TASK GOAL: Output everything in the data exactly, leaving the pictures out.

SOURCE DATA:

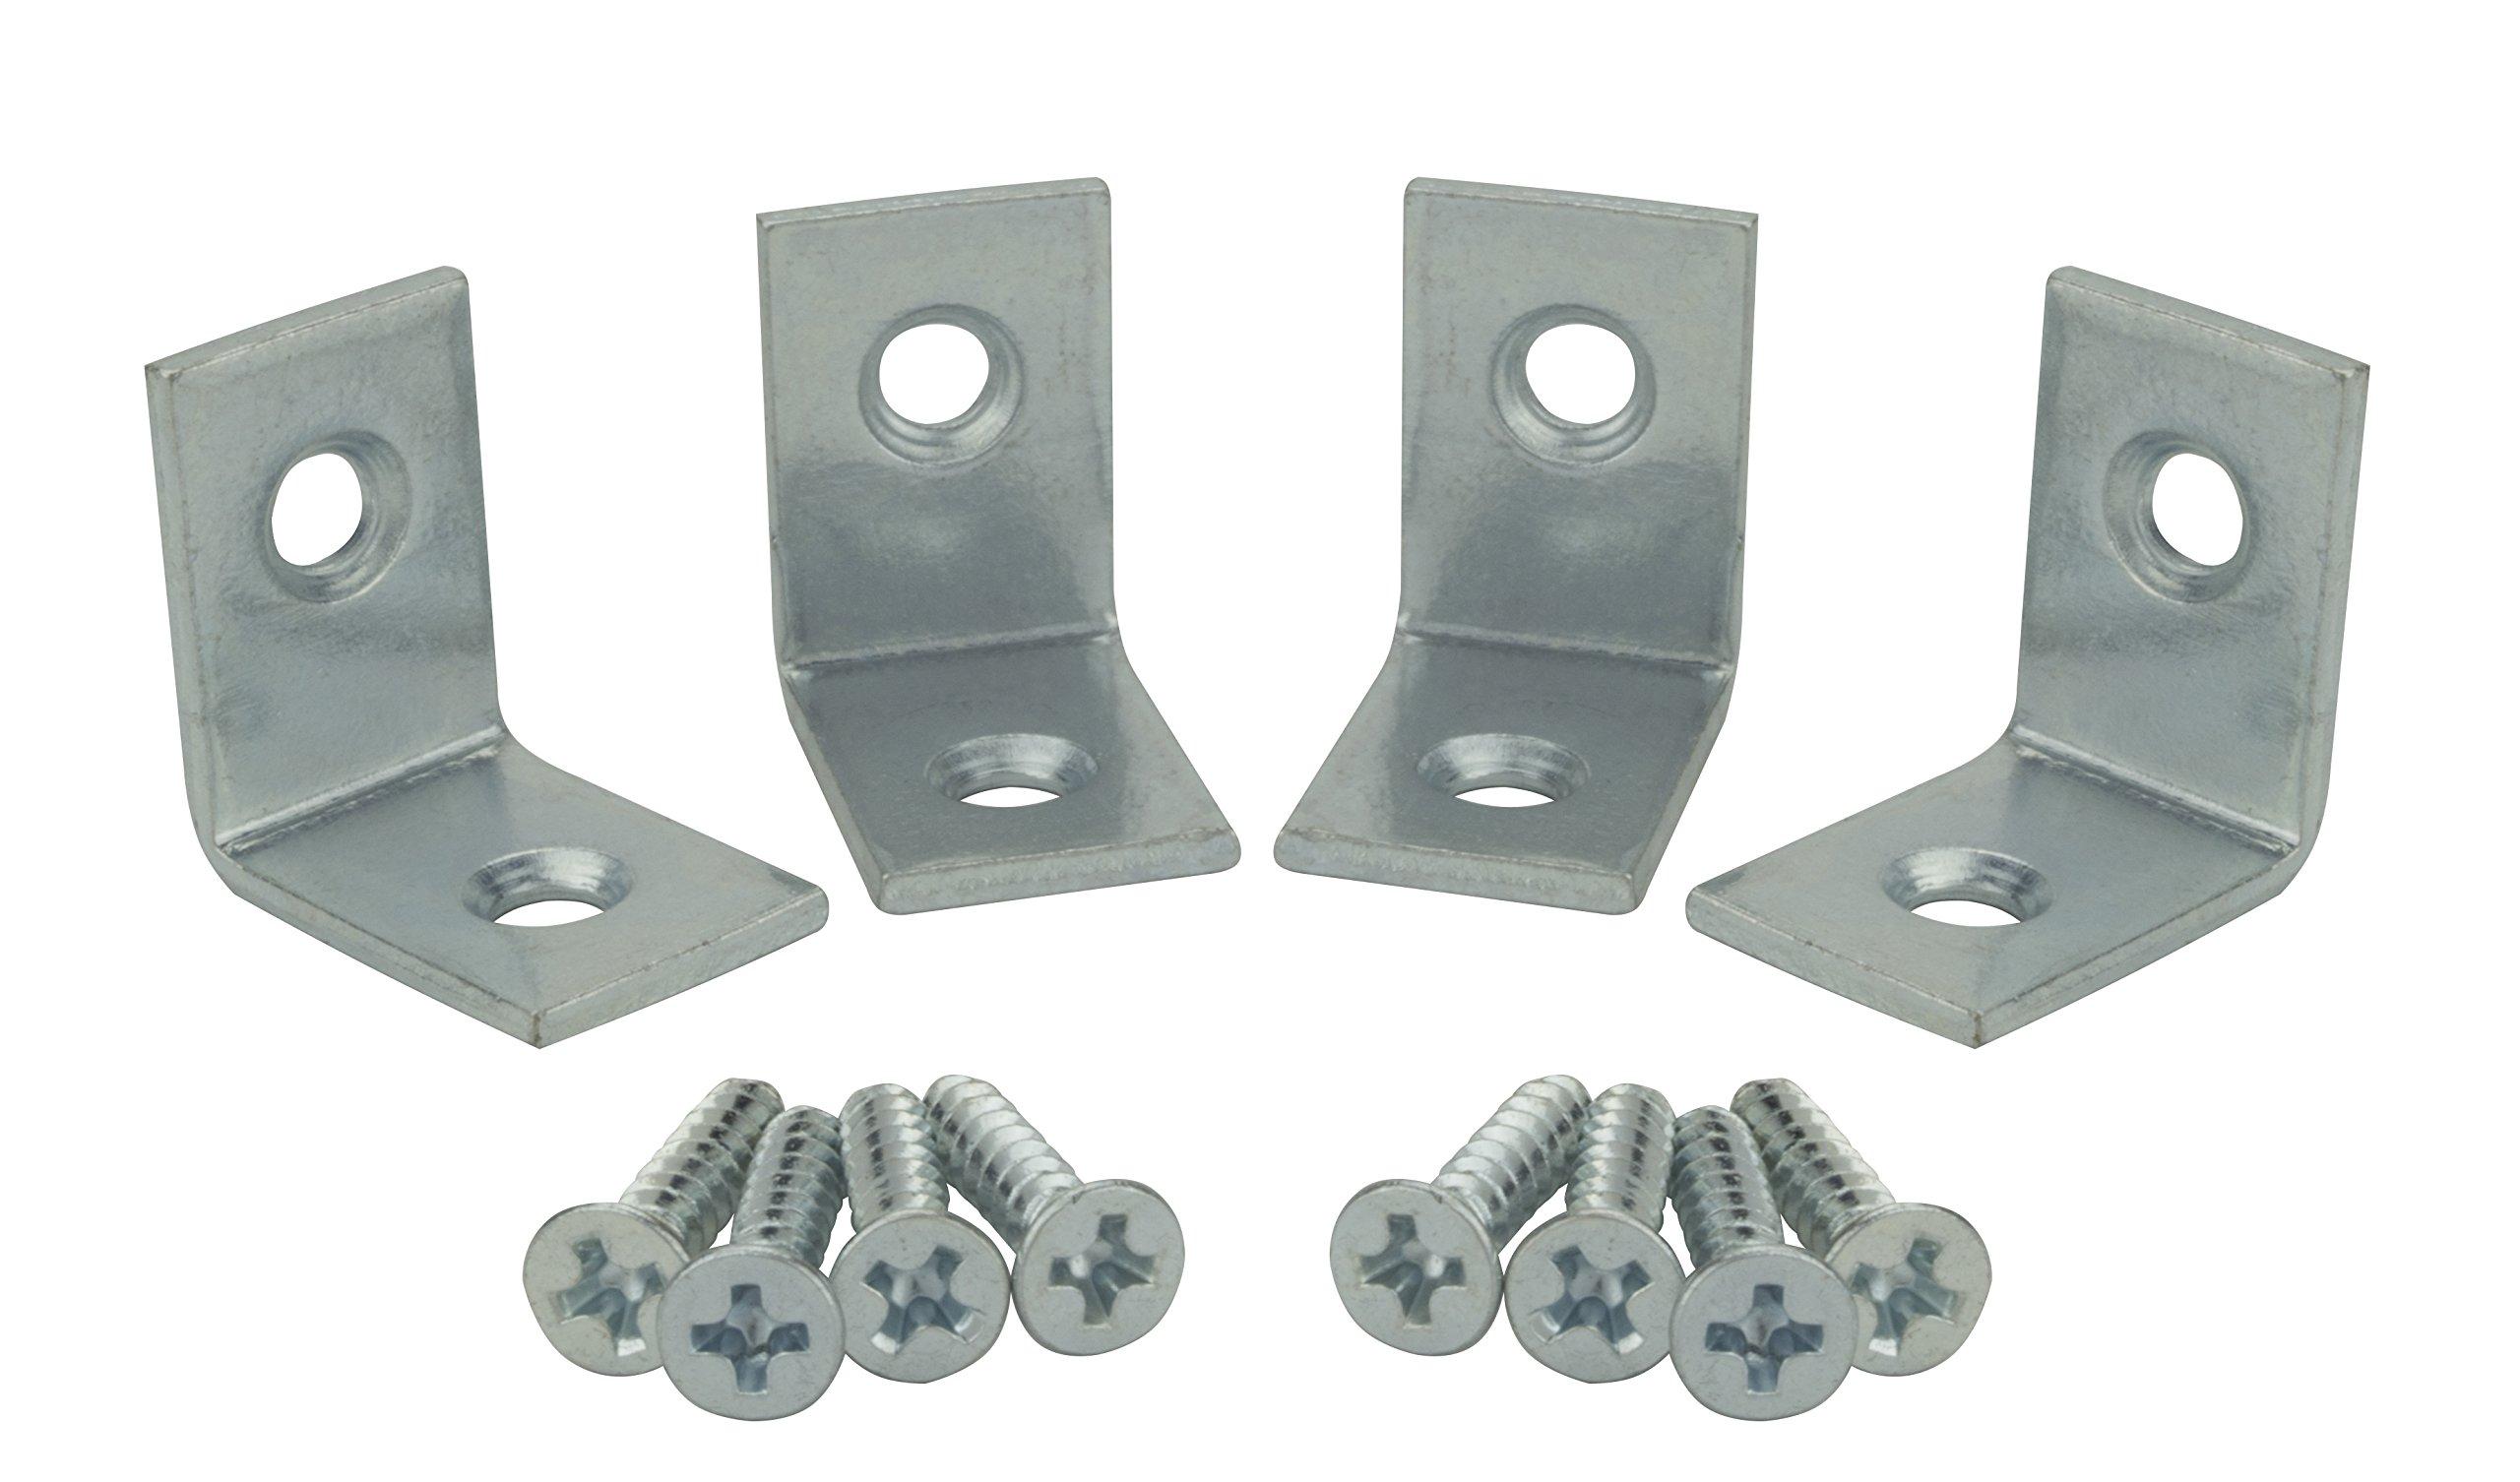 Specialty Hardware Corner Brace3/4 inch Zinc Plated 400pcs
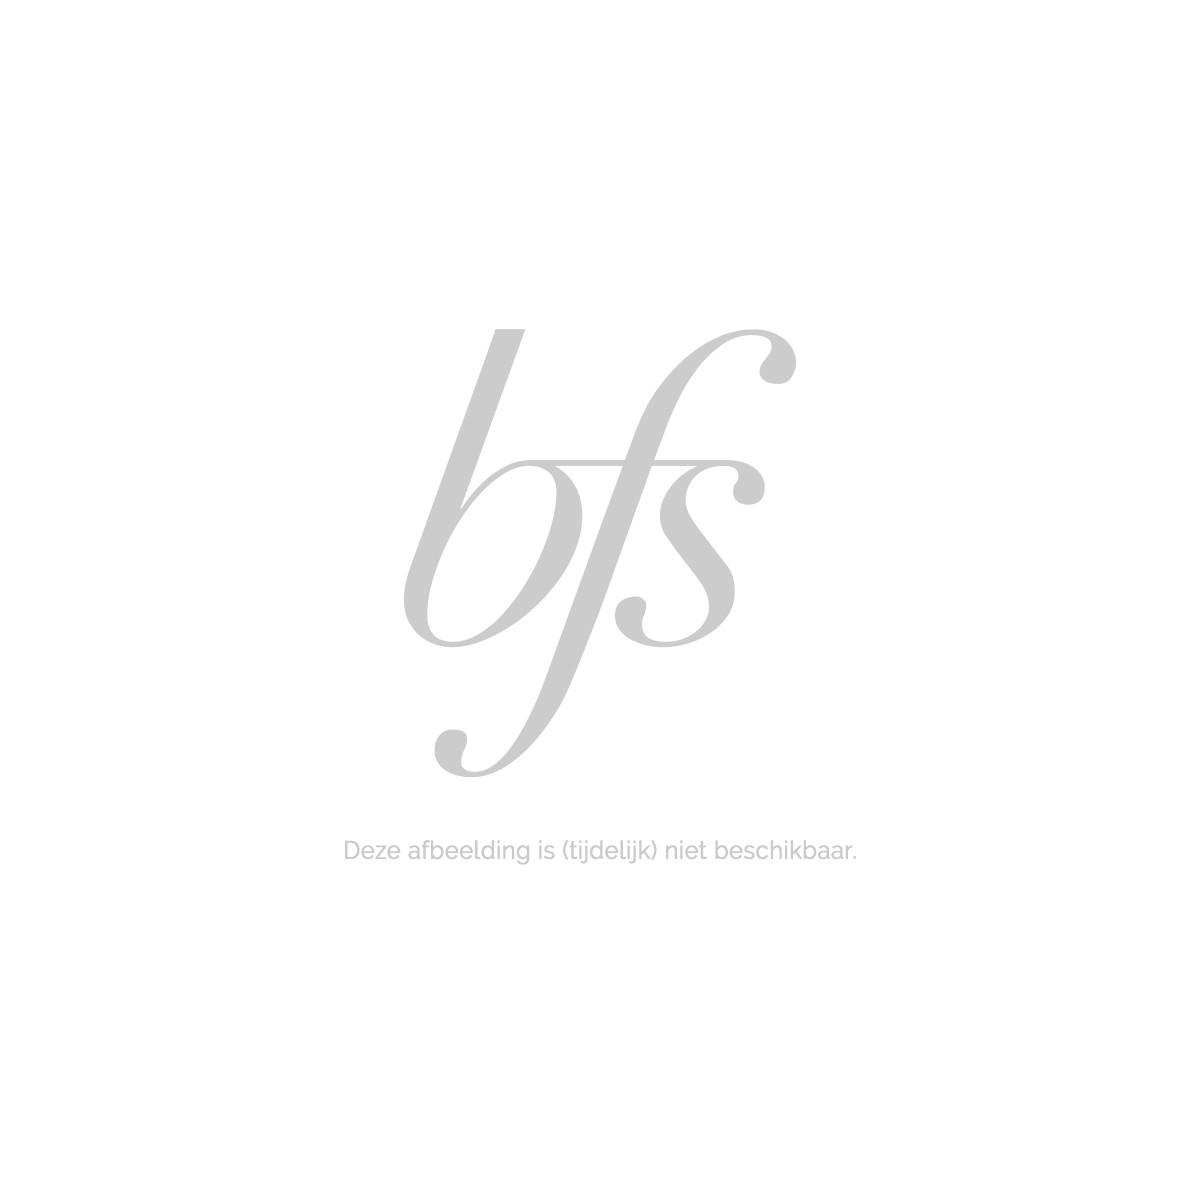 Hildegard Braukmann Exquisit Moisturising Cream Sensitive Skin 50 ml
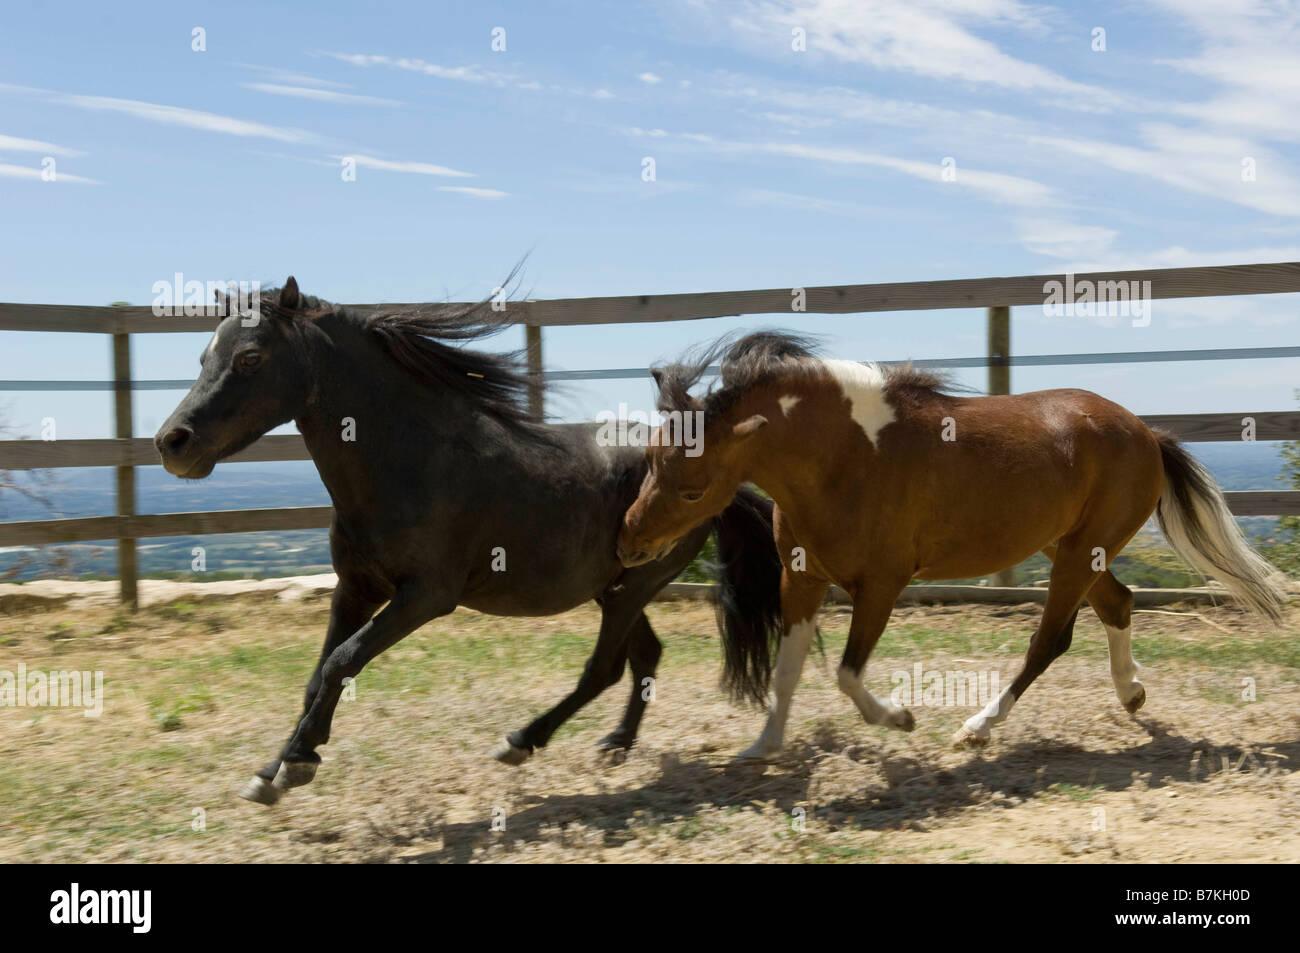 Two miniature horses running - Stock Image
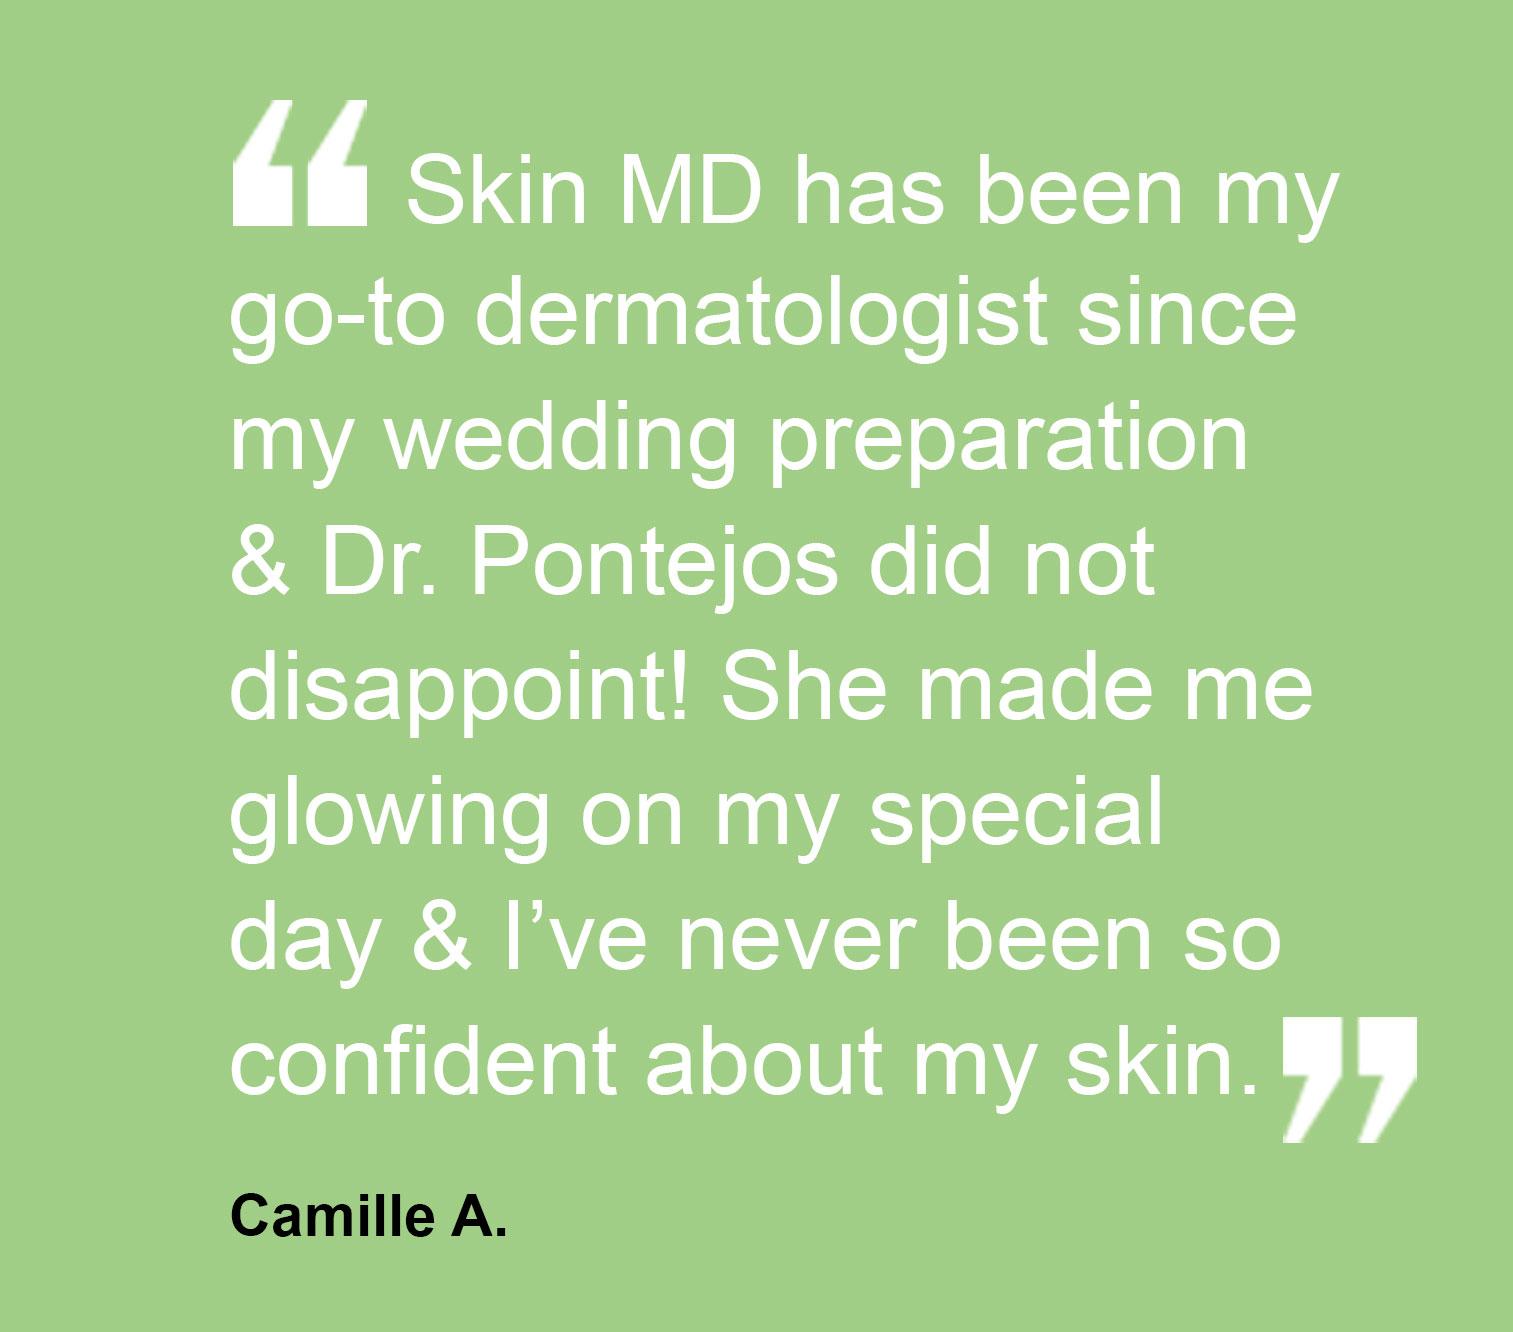 Testimonial - Camille A.

TASK OUTPUT:
 Specialty Hardware Corner Brace3/4 inch Zinc Plated 400pcs
 Hildegard Braukmann Exquisit Moisturising Cream Sensitive Skin 50 ml
 Two miniature horses running - Stock Image
 Testimonial - Camille A.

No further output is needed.